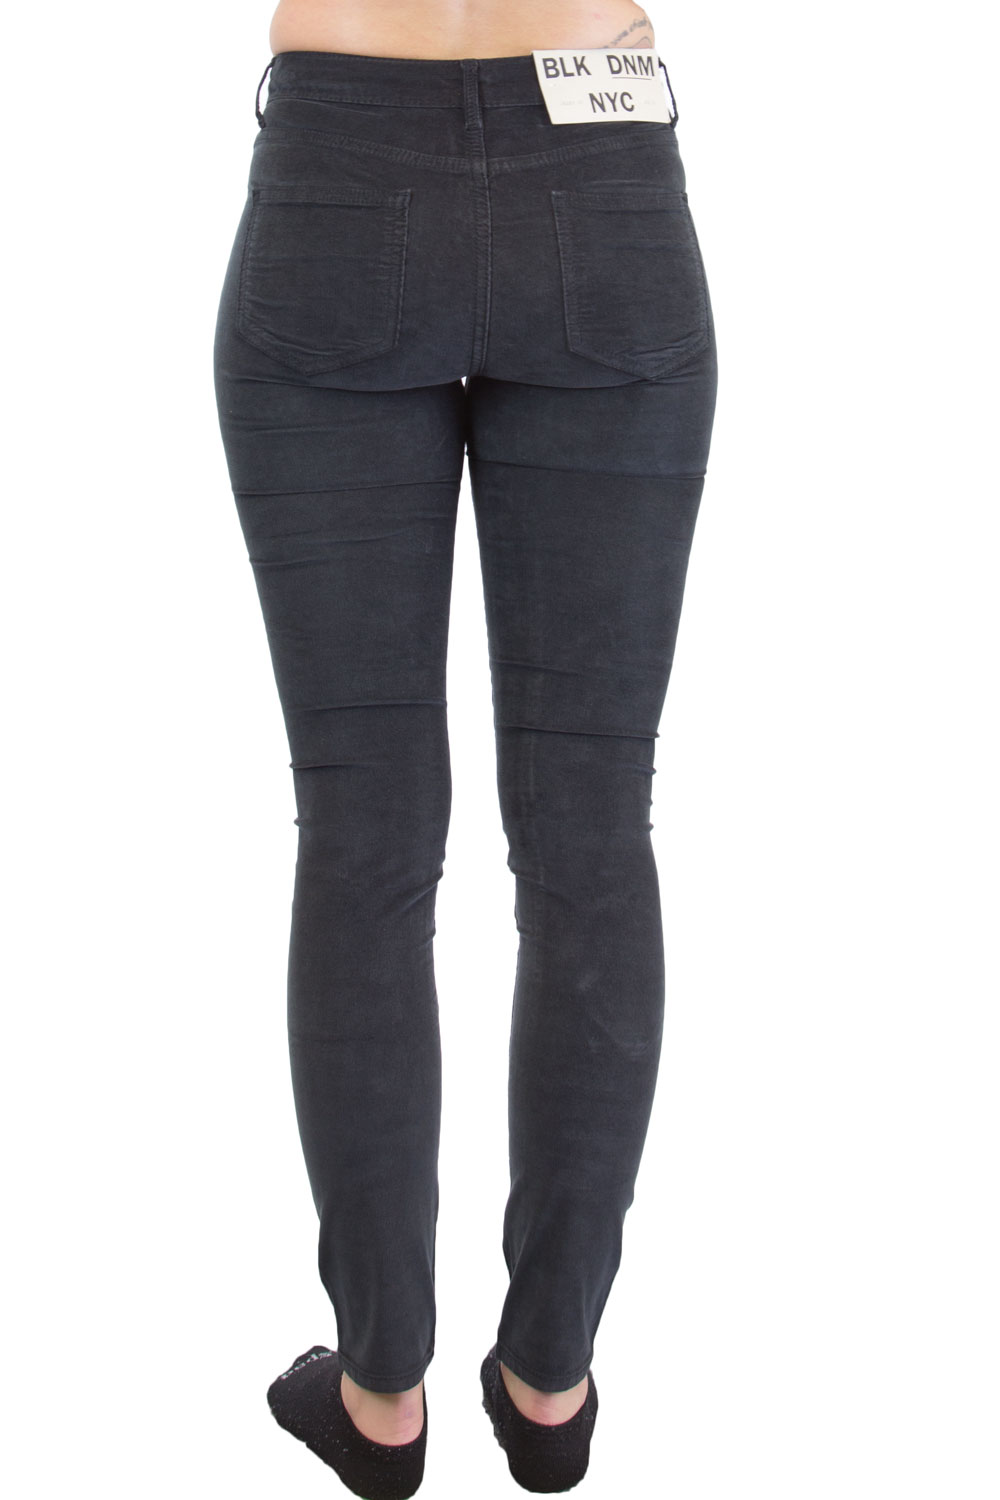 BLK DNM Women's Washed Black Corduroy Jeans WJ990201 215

-.-.-

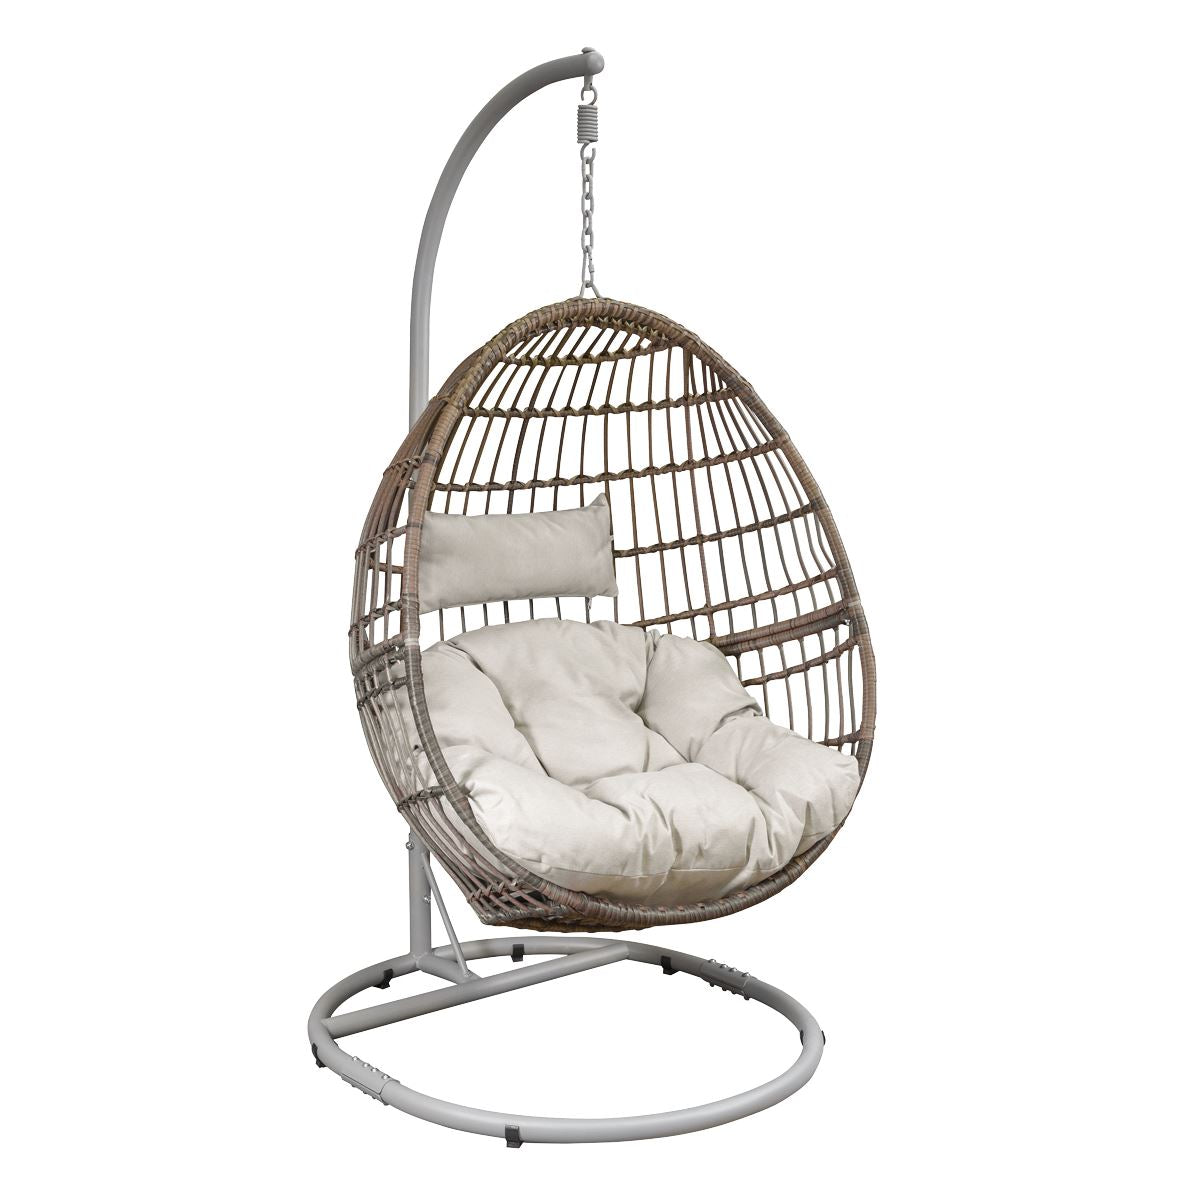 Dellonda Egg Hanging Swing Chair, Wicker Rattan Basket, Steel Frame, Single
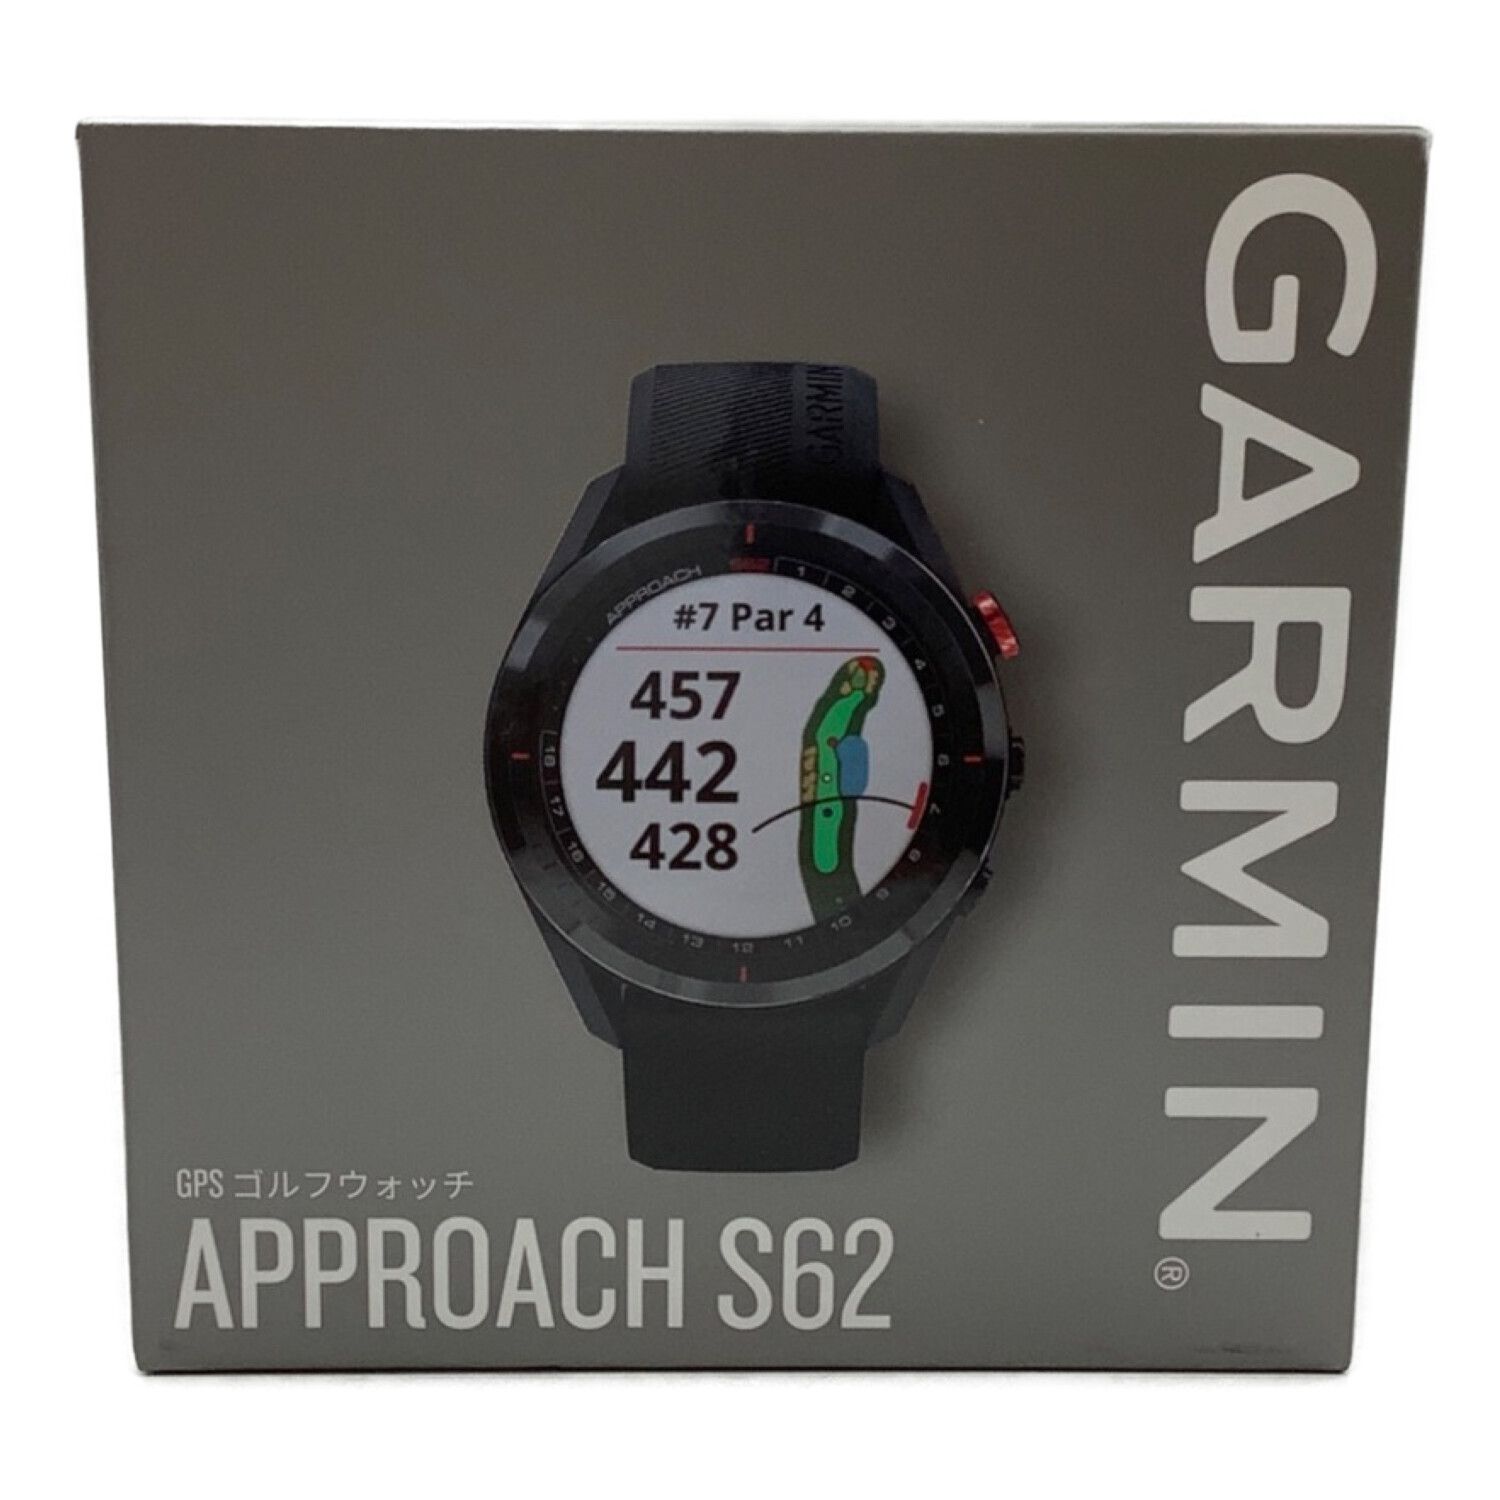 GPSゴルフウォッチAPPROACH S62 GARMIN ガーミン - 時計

-.-.-

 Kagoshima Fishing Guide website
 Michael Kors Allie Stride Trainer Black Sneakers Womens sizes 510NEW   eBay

-.-.-

- _Try it_
What you return from the records above should be exactly everything from the line with "Dellonda Egg Hanging" down to the line with "GPSゴルフウォッチAPPROACH S62 GARMIN ガーミン - 時計", both kept, and no pictures.

- _Exercise response_
 Dellonda Egg Hanging Swing Chair, Wicker Rattan Basket, Steel Frame, Single
 GPSゴルフウォッチAPPROACH S62 GARMIN ガーミン - 時計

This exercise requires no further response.